Expression of the relaxin family peptide 4 receptor by enterochromaffin cells of the mouse large intestine.

The gastrointestinal hormone, insulin-like peptide 5 (INSL5), is found in large intestinal enteroendocrine cells (EEC). One of its functions is to stimulate nerve circuits that increase propulsive activity of the colon through its receptor, the relaxin family peptide 4 receptor (RXFP4). To investigate the mechanisms that link INSL5 to stimulation of propulsion, we have determined the localisation of cells expressing Rxfp4 in the mouse colon, using a reporter mouse to locate cells expressing the gene. The fluorescent signal indicating the location of Rxfp4 expression was in EEC, the greatest overlap of Rxfp4-dependent labelling being with cells containing 5-HT. In fact, > 90% of 5-HT cells were positive for Rxfp4 labelling. A small proportion of cells with Rxfp4-dependent labelling was 5-HT-negative, 11-15% in the distal colon and rectum, and 35% in the proximal colon. Of these, some were identified as L-cells by immunoreactivity for oxyntomodulin. Rxfp4-dependent fluorescence was also found in a sparse population of nerve endings, where it was colocalised with CGRP. We used the RXFP4 agonist, INSL5-A13, to activate the receptor and probe the role of the 5-HT cells in which it is expressed. INSL5-A13 administered by i.p. injection to conscious mice caused an increase in colorectal propulsion that was antagonised by the 5-HT3 receptor blocker, alosetron, also given i.p. We conclude that stimuli that excite INSL5-containing colonic L-cells release INSL5 that, through RXFP4, excites 5-HT release from neighbouring endocrine cells, which in turn acts on 5-HT3 receptors of enteric sensory neurons to elicit propulsive reflexes.

Introduction

Amongst gut endocrine cell products, insulin-like peptide 5 (INSL5) is confined to the distal large intestine, where it occurs in L-type enteroendocrine cells (EEC) that also contain glucagon-like peptide 1 (GLP-1) and peptide YY (PYY), both of these being costored with INSL5 in the same secretory vesicles of these EEC (Grosse et al. 2014; Billing et al. 2018; Vahkal et al. 2021). The administration of an INSL5 mimetic and stimulation of hormone release from colonic L-cells using DREADD technology both cause defecation, but there is no evidence that either GLP-1 or PYY is involved in defecation control (Diwakarla et al. 2020; Lewis et al. 2020; Pustovit et al. 2021). On the other hand, these peptides, GLP-1 and PYY, have roles in slowing gastric and upper intestinal transit (Lin et al. 1996; Holst 2007). The INSL5 mimetic had no effect in mice in which the receptor for INSL5, the relaxin family peptide 4 receptor (RXFP4), was knocked out (Diwakarla et al. 2020), implying that RXFP4 is downstream of the L-cell release of INSL5. The L-cells express receptors for microbial products, including free fatty acid receptor (FFAR) 2 and OLFR78 (Karaki et al. 2006, 2008; Husted et al. 2017; Billing et al. 2019), and instillation of a short-chain fatty acid mixture into the colon accelerates colonic emptying (Yajima 1985; Fukumoto et al. 2003). Acceleration of colonic propulsion by SCFAs in mice was inhibited by the RXFP4 receptor antagonist, INSL5-A13NR, implying that INSL5 has a physiological role to stimulate propulsion (Pustovit et al. 2021). There is also likely to be an involvement of 5-HT, acting through 5-HT3 receptors, because enhanced propulsion caused by SCFAs or by DREADD-mediated stimulation of L-cells was inhibited by 5-HT3 receptor antagonists (Fukumoto et al. 2003; Lewis et al. 2020).

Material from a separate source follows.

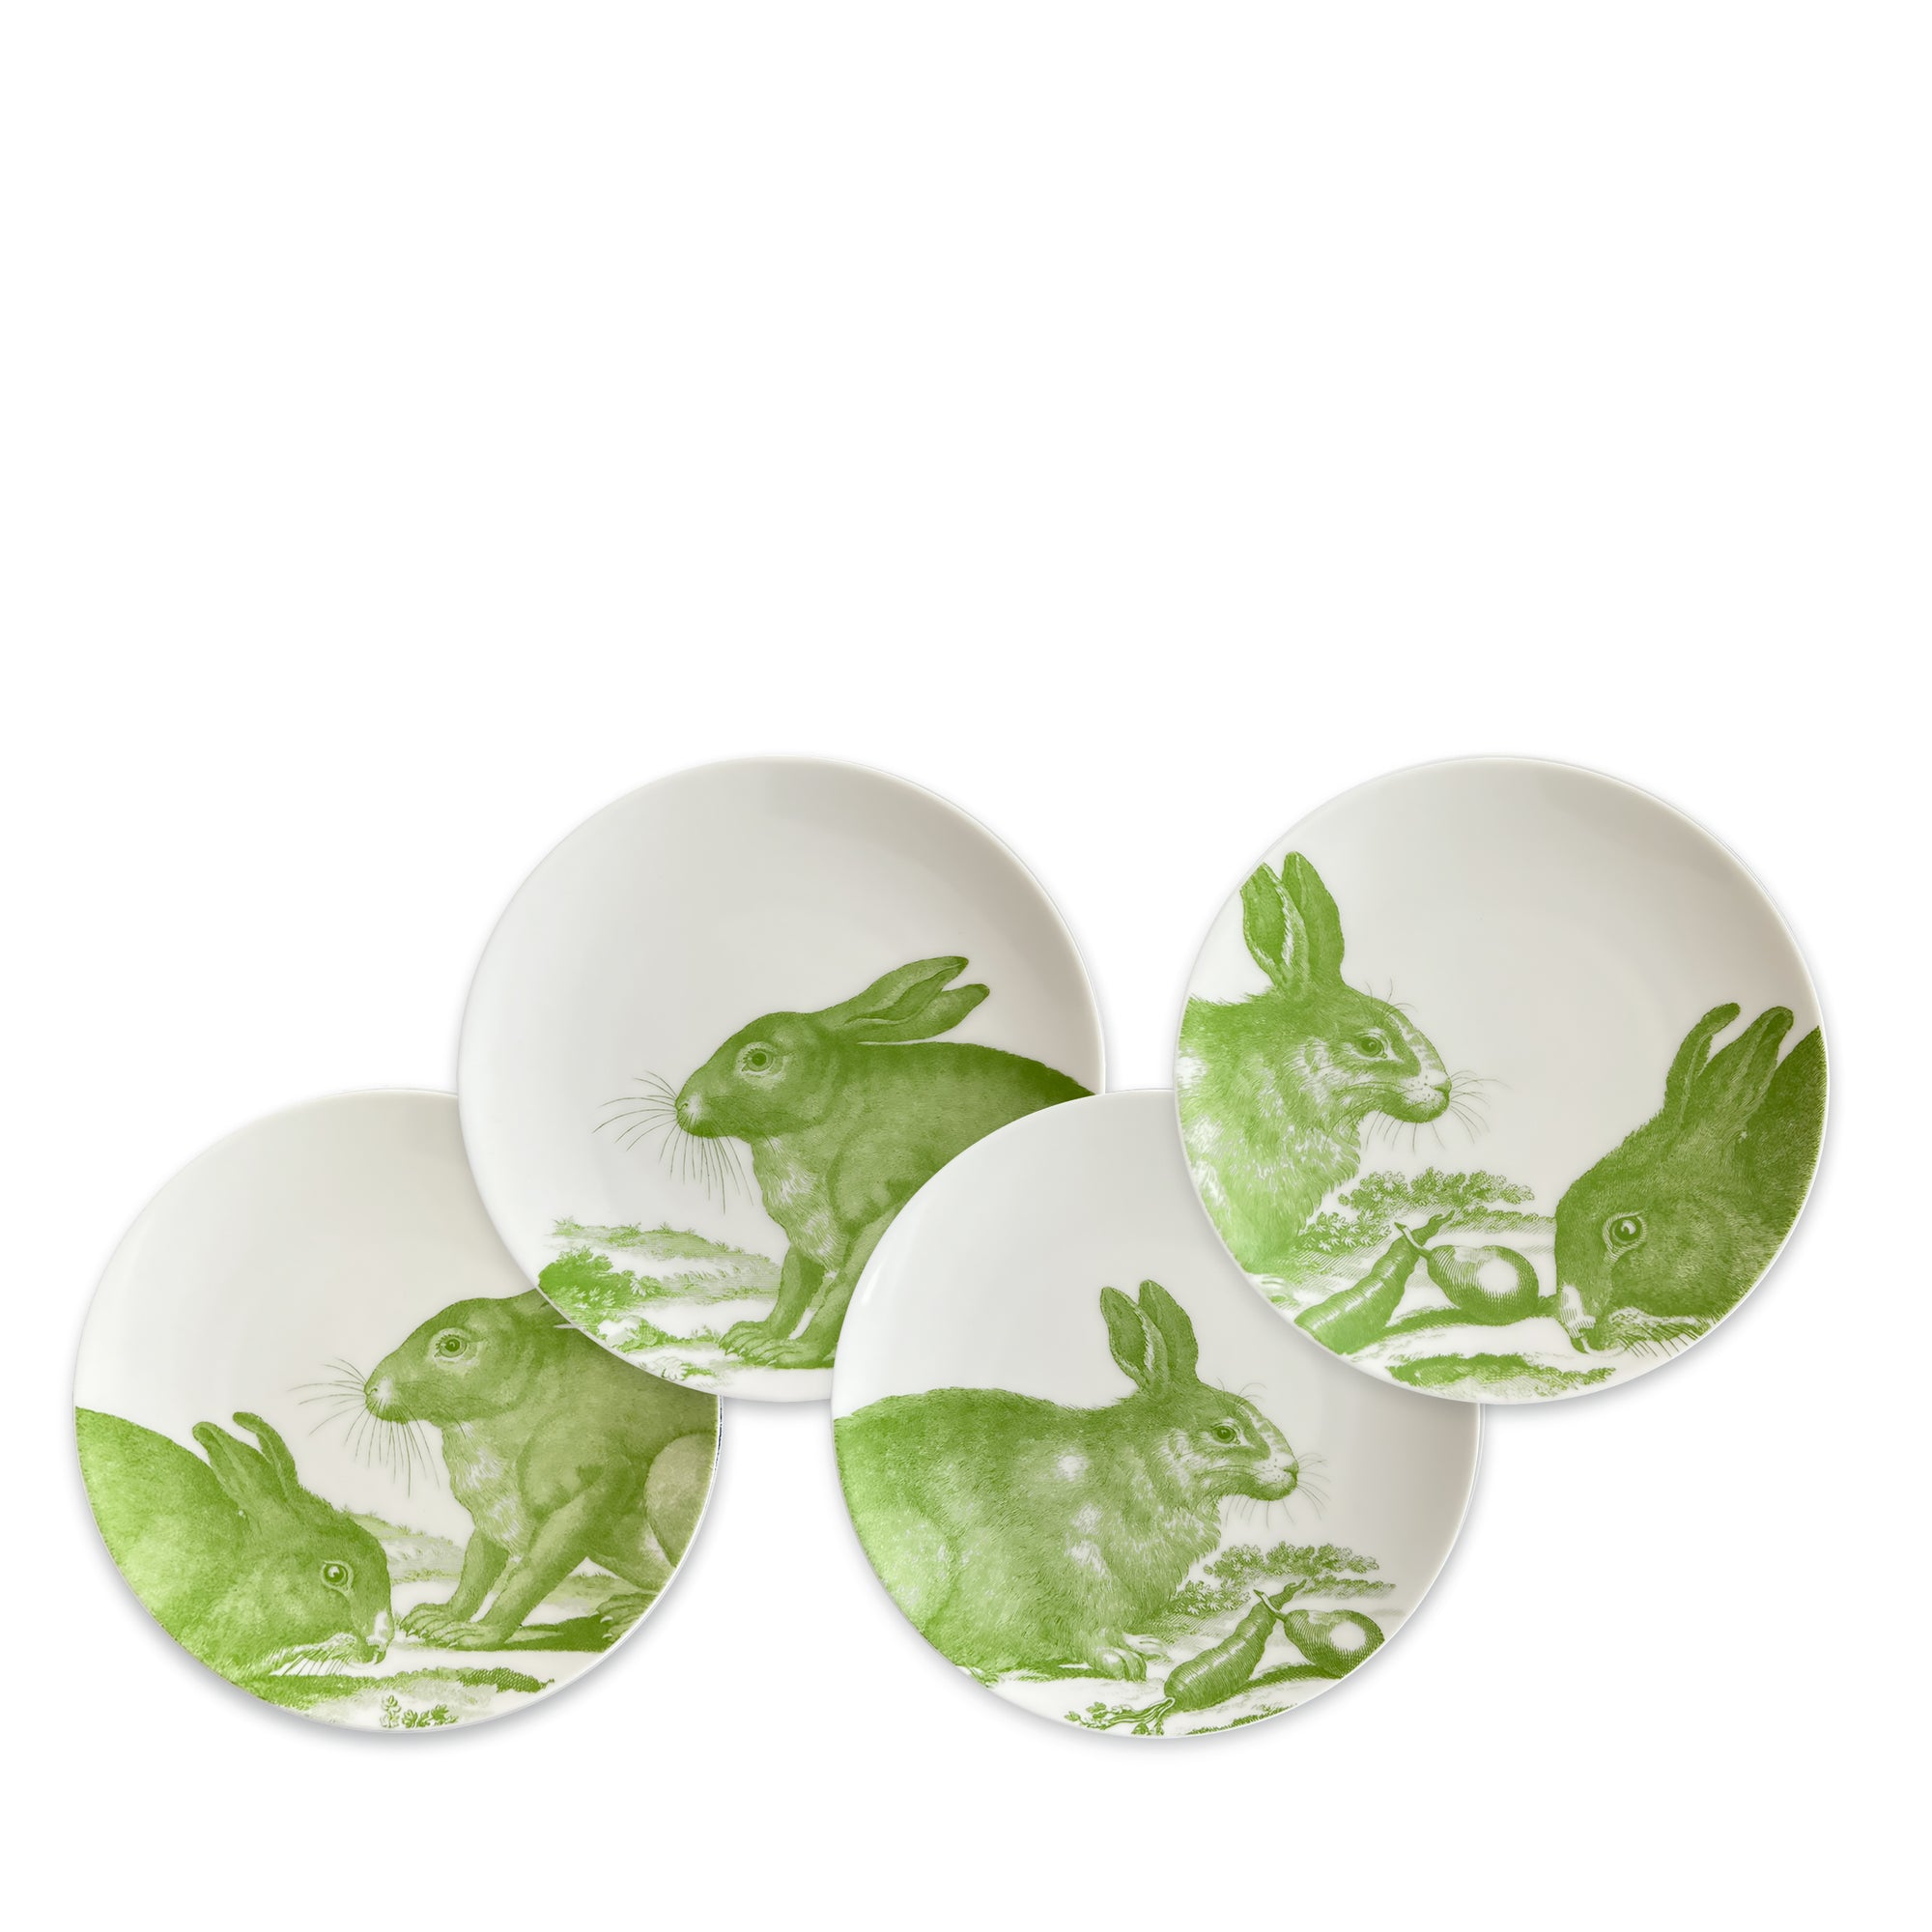 Four white canapé plates feature green illustrations of rabbits in various poses, creating a charming bunny scene. These **Bunnies Verde Small Plates** by **Caskata** make for a delightful addition to any table setting.
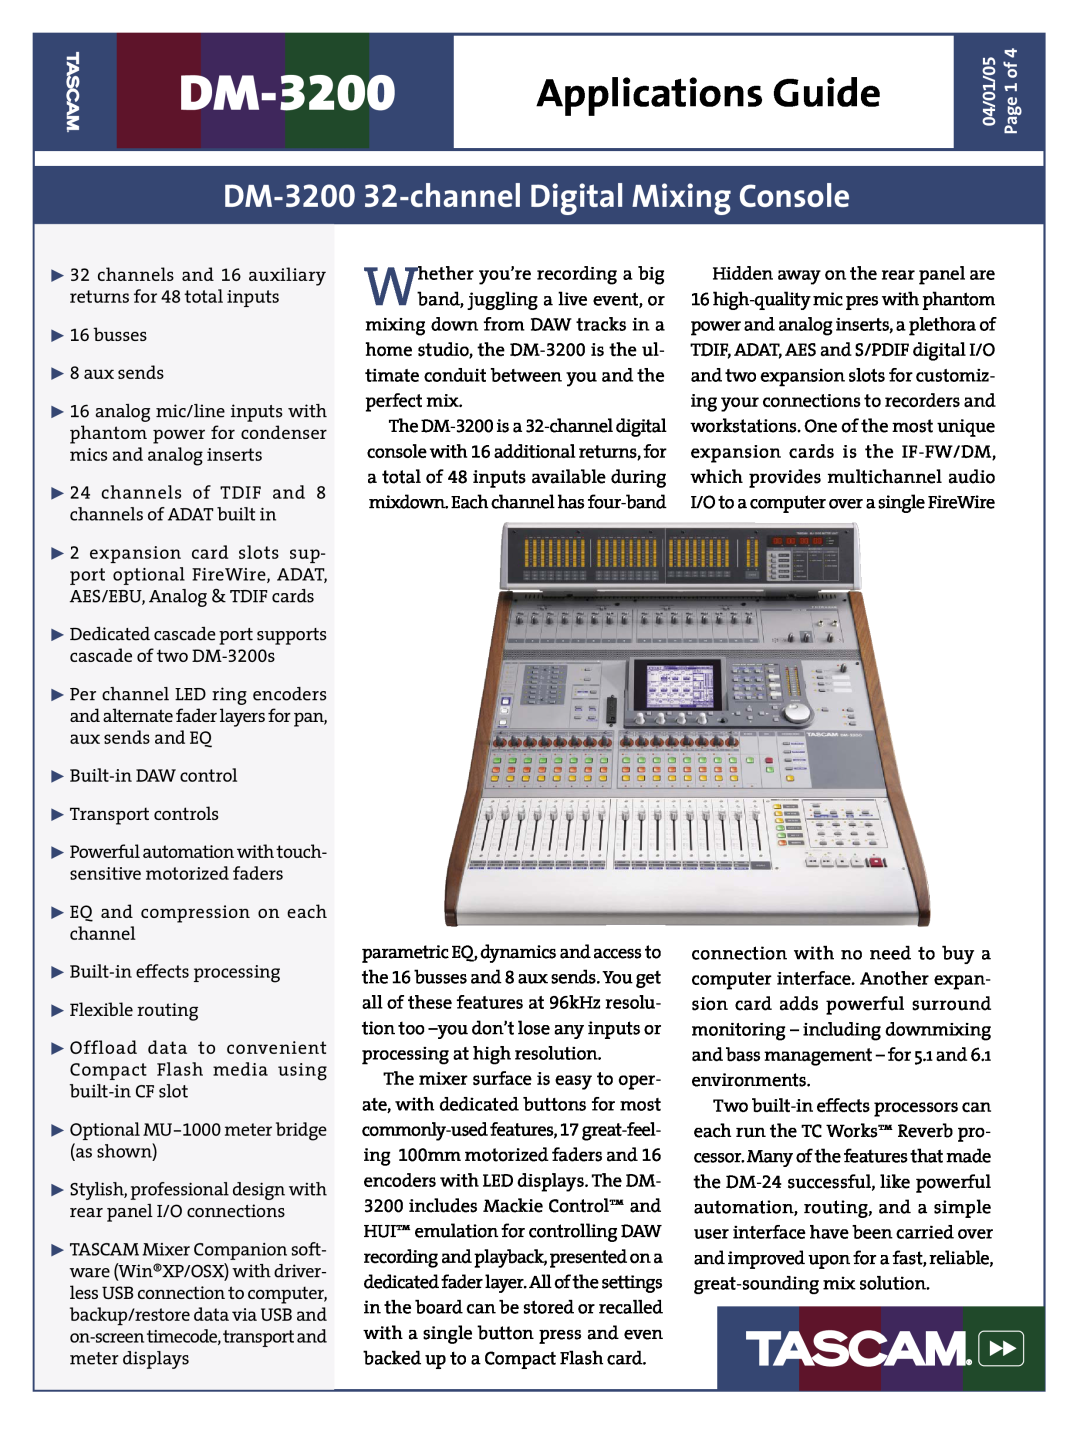 Tascam manual Applications Guide, DM-3200 32-channel Digital Mixing Console

A feasible interpretation of these results is that INSL5 released from L-cells acts on RXFP4 of adjacent enterochromaffin cells, causing release of 5-HT that stimulates the enteric nervous system to evoke propulsive reflexes (Pustovit et al. 2021). Supporting this interpretation, a recent study has located Rxfp4-dependent fluorescence to EEC of the mouse colon, 65% of these also expressing 5-HT (Lewis et al. 2021). The 5-HT-containing enteroendocrine cells in the mouse colon have a variety of shapes that can be best revealed in thick sections (Koo et al. 2021; Kuramoto et al. 2021). Amongst these are enterochromaffin cells with basal processes as long as several 100 µm, some of which form close relationships with L cells and cells with short or no basal processes (Koo et al. 2021).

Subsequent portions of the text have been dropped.